[evla-sw-discuss] Delay models to station boards
Kevin Ryan
kryan at nrao.edu
Wed May 14 16:56:01 EDT 2008
On May 14, 2008, at 1:43 PM, Sonja Vrcic wrote:
> I completely agree that there is no need to send Delay Models via
> MCCC.
>
> The multicast address for Delay Models could be specified as a part
> of VCI subarray configuration (a different multicast address can be
> specified for each station).
>
> If we can agree that there is no need to send Delay Models via
> MCCC, we should implement things that way from the beginning.
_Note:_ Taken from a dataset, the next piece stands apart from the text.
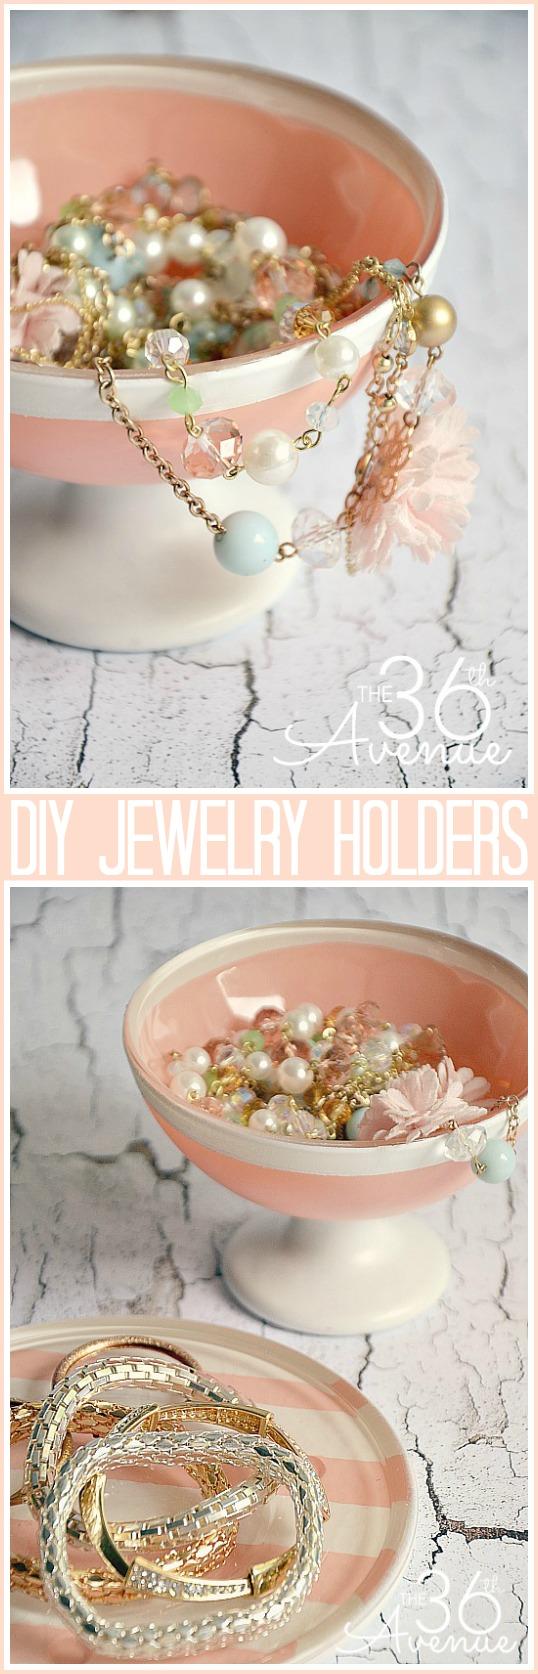 Jewelry Holder 21

I don't think this is something that we can just agree on, it must be
determined if it will work.
Like I said earlier I did a small amount of testing by sending UDP
packets*:
1) from the VLA to my office,
2) between two machines on different switches in my office,
3) between two machines on the same switch in my office.
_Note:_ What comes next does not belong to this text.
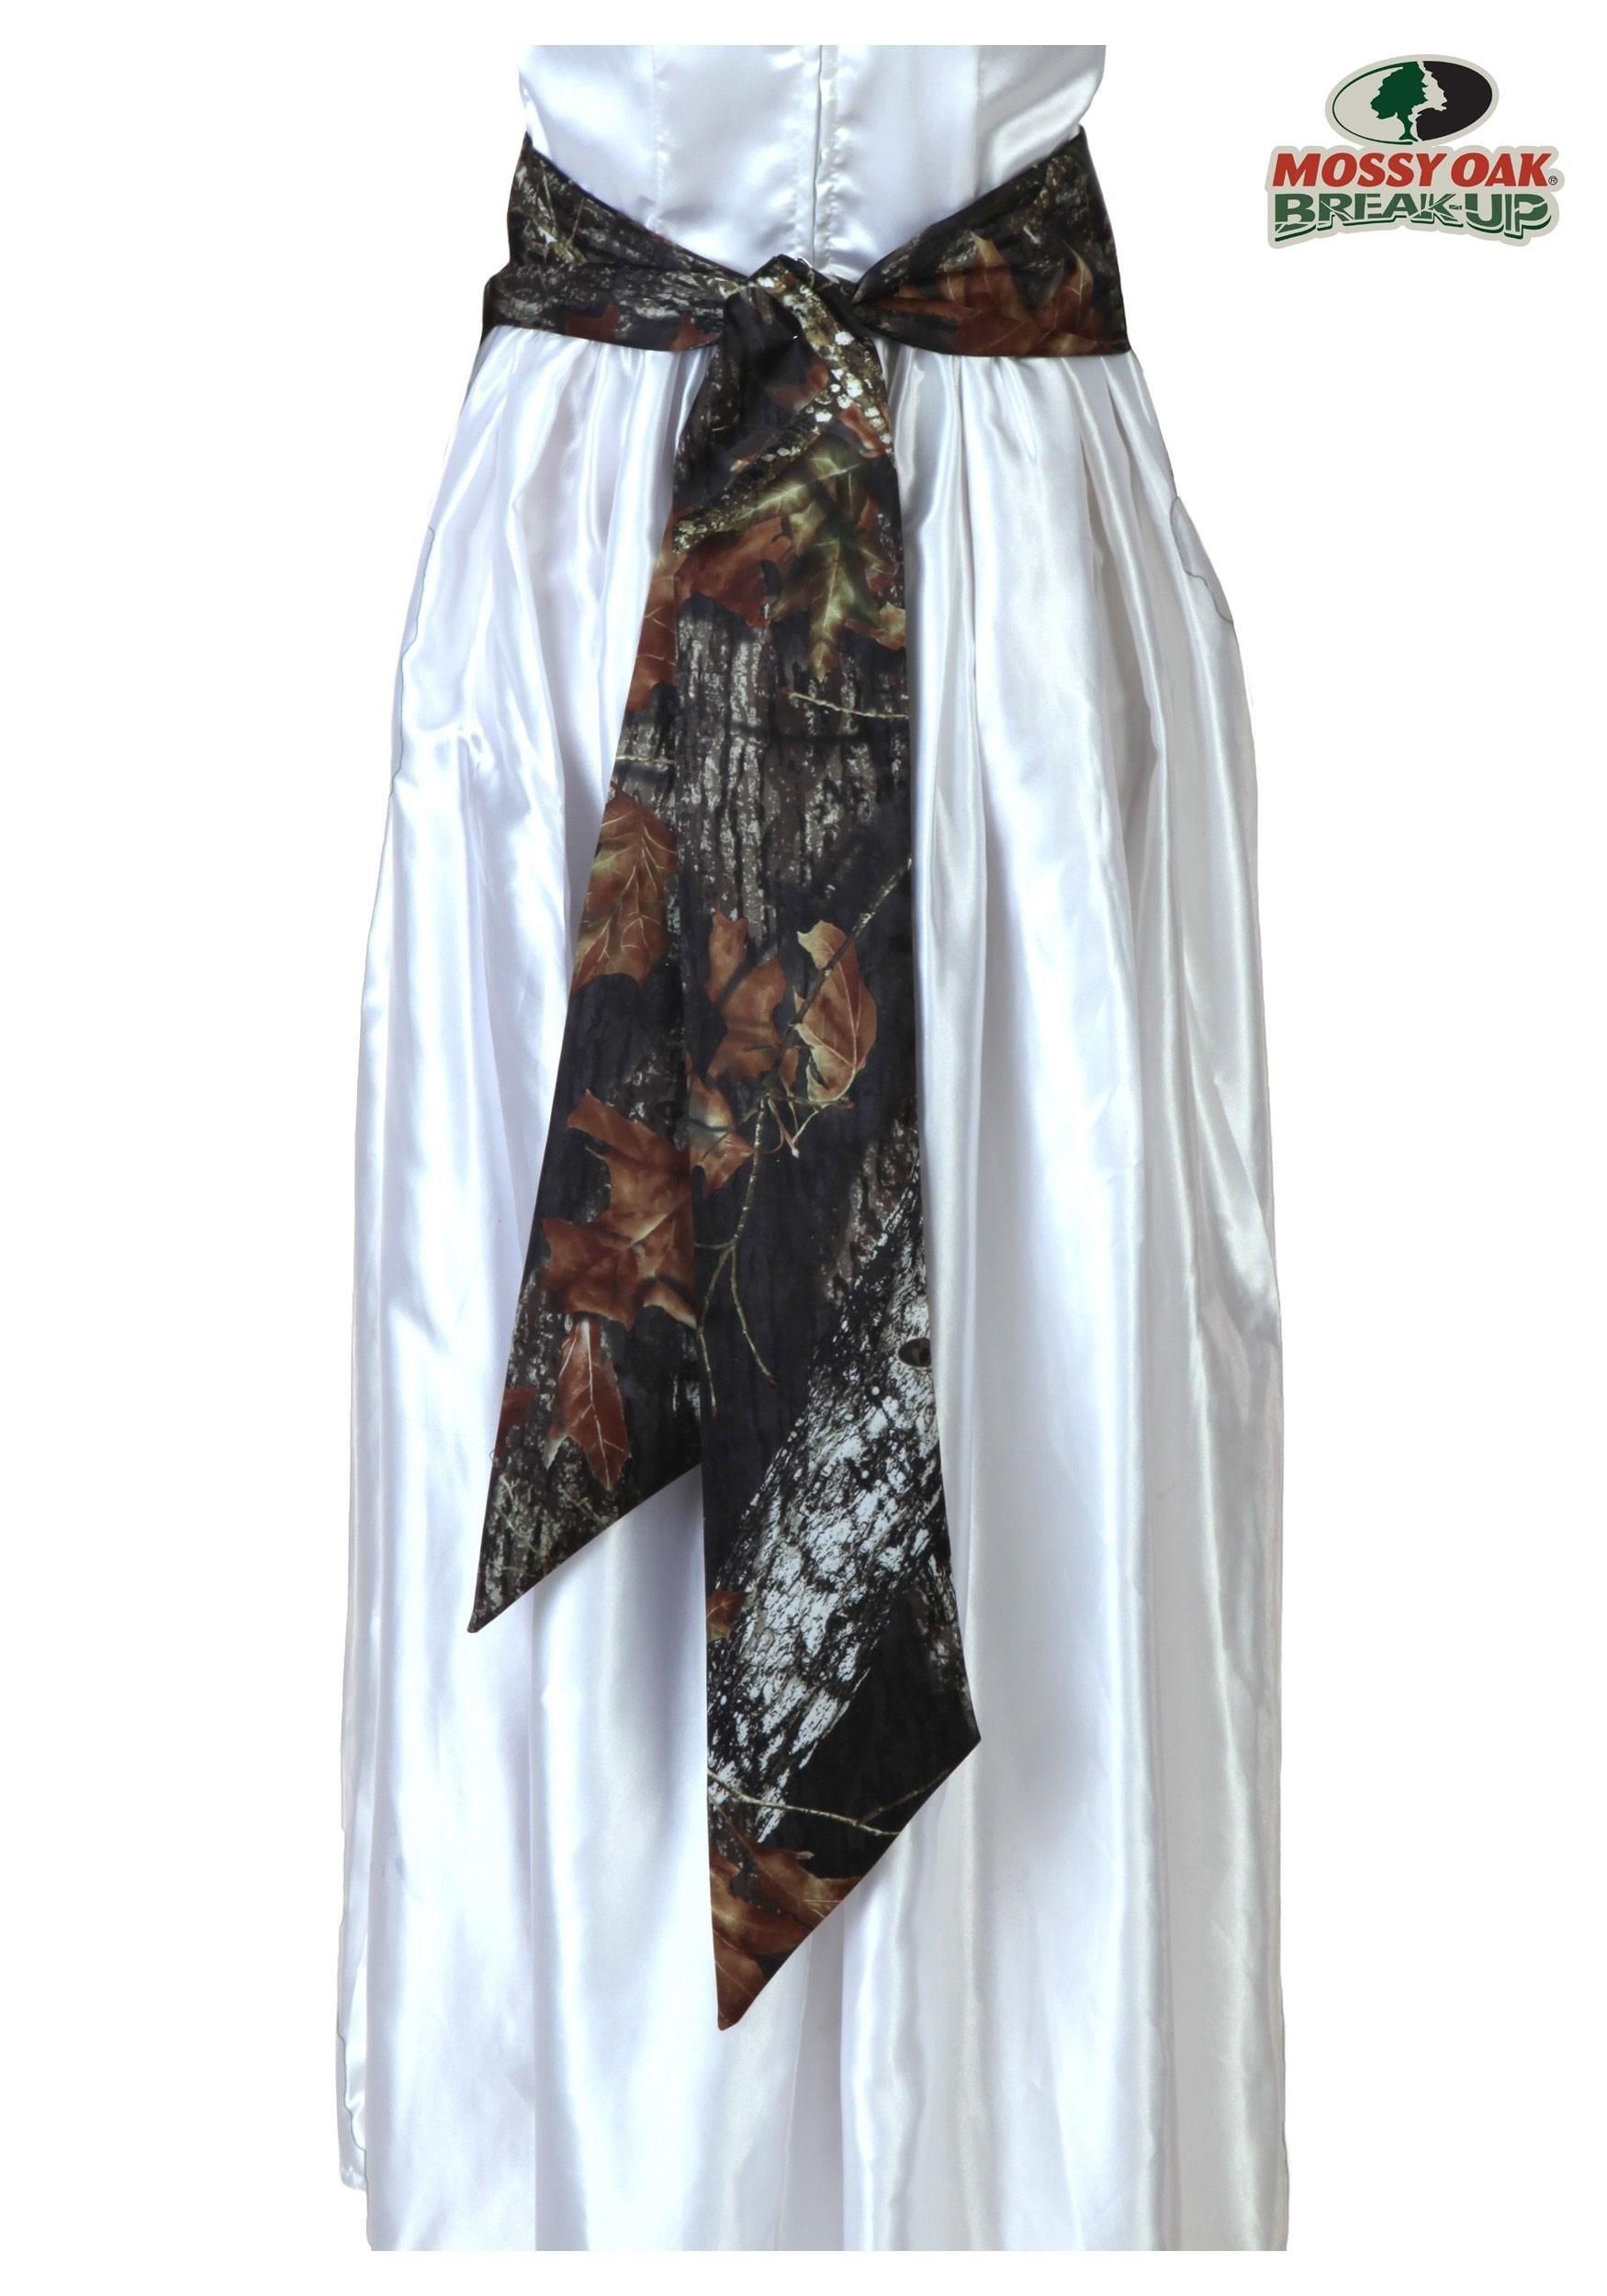 Mossy oak bridal sash for Mossy oak camo wedding dress

(note* these tests are not official and could very well be flawed so
we should not base any design decisions other than more testing on
them.)
In one test, I sent 2000 datagrams of the same size every 100ms then
increased the datagram size and repeated until the maximum datagram
size. In the next set of tests I did the same thing but instead of
one datagram per 100ms, I sent 4 back-to-back every 100ms.
The observations are:
datagram sizes > ~47k do not work at all on this network (the maximum
datagram size for IPV4 is 64K but this is network dependent and not
guaranteed). In fact, it is written that some industrial strength
systems do not even exceed the Ethernet's MTU size (~1500 bytes) for
their datagram to eliminate fragmentation altogether.
Non 'burst mode' did well with 100ms between datagrams; for datagram
sizes up to 16k 2000 of 2000 datagrams arrived, at 32KB 1939 of 2000
made it, and at 46KB 1814 of 2000 were received.
Burst mode did not fair as well with losses from .001% to 50%
depending on size.
Between 2 machines on the same switch:
rxNum: 1999, packetNum: 2000, size: 15926, burst Sz = 4, interval = 100
rxNum: 1560, packetNum: 1999, size: 32566, burst Sz = 4, interval = 100
rxNum: 1000, packetNum: 1998, size: 46641, burst Sz = 4, interval = 100
The IP layer fragments datagrams into MTU sized pieces and, if one of
these fragments is missing on the receive side, the whole datagram is
discarded. So it makes sense that the larger the datagram size, the
better chance it has of being discarded.
For sending models the datagrams would fan out rather than funnel in
as the test's burst mode attempted to simulate so maybe it will not
be a problem. Even in the best case however, I think we can rest
assured that we will drop models. And I think it will be in our best
interest to find out how many with all Station Boards in place.